Due to high security restrictions, administrators who are not a member of the SuperAdmin authorization group are unable to change their account password in the Service Web UI. An authorization error is displayed when an administrator from a non-SuperAdmin authorization group attempts to access their own profile.

Workaround: Log in to the Service CLI, find your user id in the user preferences, and change your password as follows:

PCA-ADMIN> show UserPreference
Data:
  Id = 1c74b2a5-c1ce-4433-99da-cb17aab4c090
  Type = UserPreference
[...]
  UserId = id:5b6c1bfa-453c-4682-e692-6f0c91b53d21  type:User  name:dcadmin

PCA-ADMIN> changePassword id=<user_id> password=<new_password> confirmPassword=<new_password>

Bug: 33749967

Version: 3.0.1

Service Web UI and Grafana Unavailable when HAProxy Is Down

HAProxy is the load balancer used by the Private Cloud Appliance platform layer for all access to and from the microservices. When the load balancer and proxy services are down, the Service Web UI and Grafana monitoring interface are unavailable. When you attempt to log in, you receive an error message: "Server Did Not Respond".

Workaround: Log in to one of the management nodes. Check the status of the HAProxy cluster resource, and restart if necessary.

# ssh pcamn01
# pcs status
Cluster name: mncluster
Stack: corosync
[...]
Full list of resources:

 scsi_fencing   (stonith:fence_scsi):   Stopped (disabled)
 Resource Group: mgmt-rg
     vip-mgmt-int     (ocf::heartbeat:IPaddr2):       Started pcamn03
     vip-mgmt-host    (ocf::heartbeat:IPaddr2):       Started pcamn03
     vip-mgmt-ilom    (ocf::heartbeat:IPaddr2):       Started pcamn03
     vip-mgmt-lb      (ocf::heartbeat:IPaddr2):       Started pcamn03
     vip-mgmt-ext     (ocf::heartbeat:IPaddr2):       Started pcamn03
     l1api            (systemd:l1api):                Started pcamn03
     haproxy          (ocf::heartbeat:haproxy):       Stopped (disabled)
     pca-node-state   (systemd:pca_node_state):       Started pcamn03
     dhcp             (ocf::heartbeat:dhcpd):         Started pcamn03
     hw-monitor       (systemd:hw_monitor):           Started pcamn03

To start HAProxy, use the pcs resource command as shown in the example below. Verify that the cluster resource status has changed from "Stopped (disabled)" to "Started".

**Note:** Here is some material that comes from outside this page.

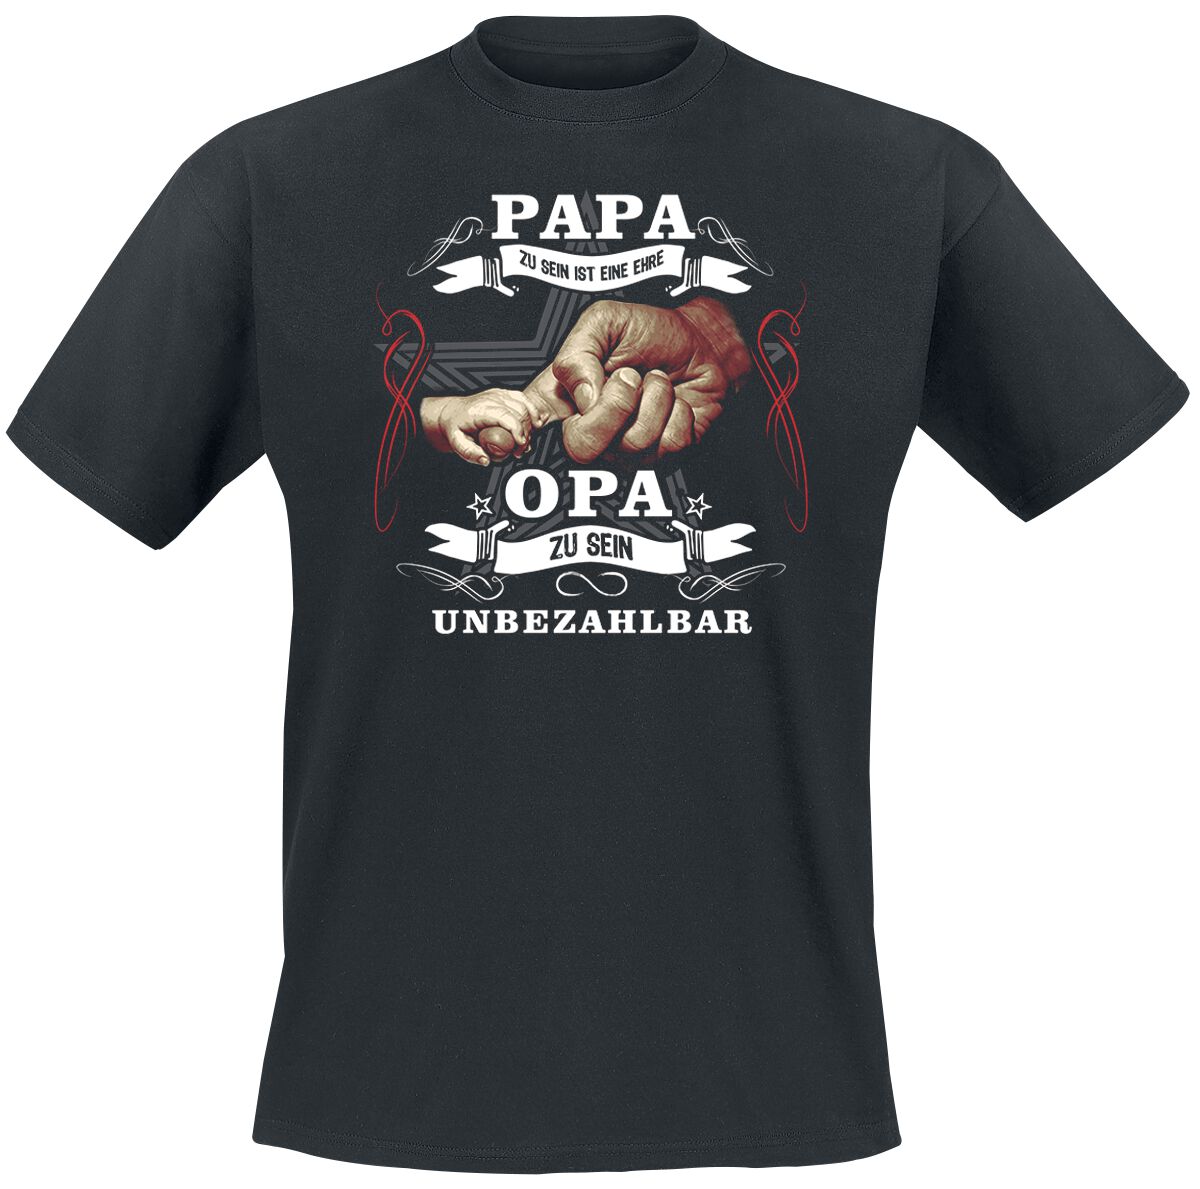 Familie & Freunde T-Shirt - Papa zu sein ist eine Ehre - XXL bis 5XL - für Männer - Größe 4XL - schwarz

# pcs resource enable haproxy
# pcs status
[...]
 Resource Group: mgmt-rg
     haproxy          (ocf::heartbeat:haproxy):       Started pcamn03

Bug: 34485377

Version: 3.0.2

Lock File Issue Occurs when Changing Compute Node Passwords

When a command is issued to modify the password for a compute node or ILOM, the system sets a temporary lock on the relevant database to ensure that password changes are applied in a reliable and consistent manner. If the database lock cannot be obtained or released on the first attempt, the system makes several further attempts to complete the request. Under normal operating circumstances, it is expected that the password is eventually successfully changed. However, the command output may contain error messages such as "Failed to create DB lockfile" or "Failed to remove DB lock", even if the final result is "Password successfully changed".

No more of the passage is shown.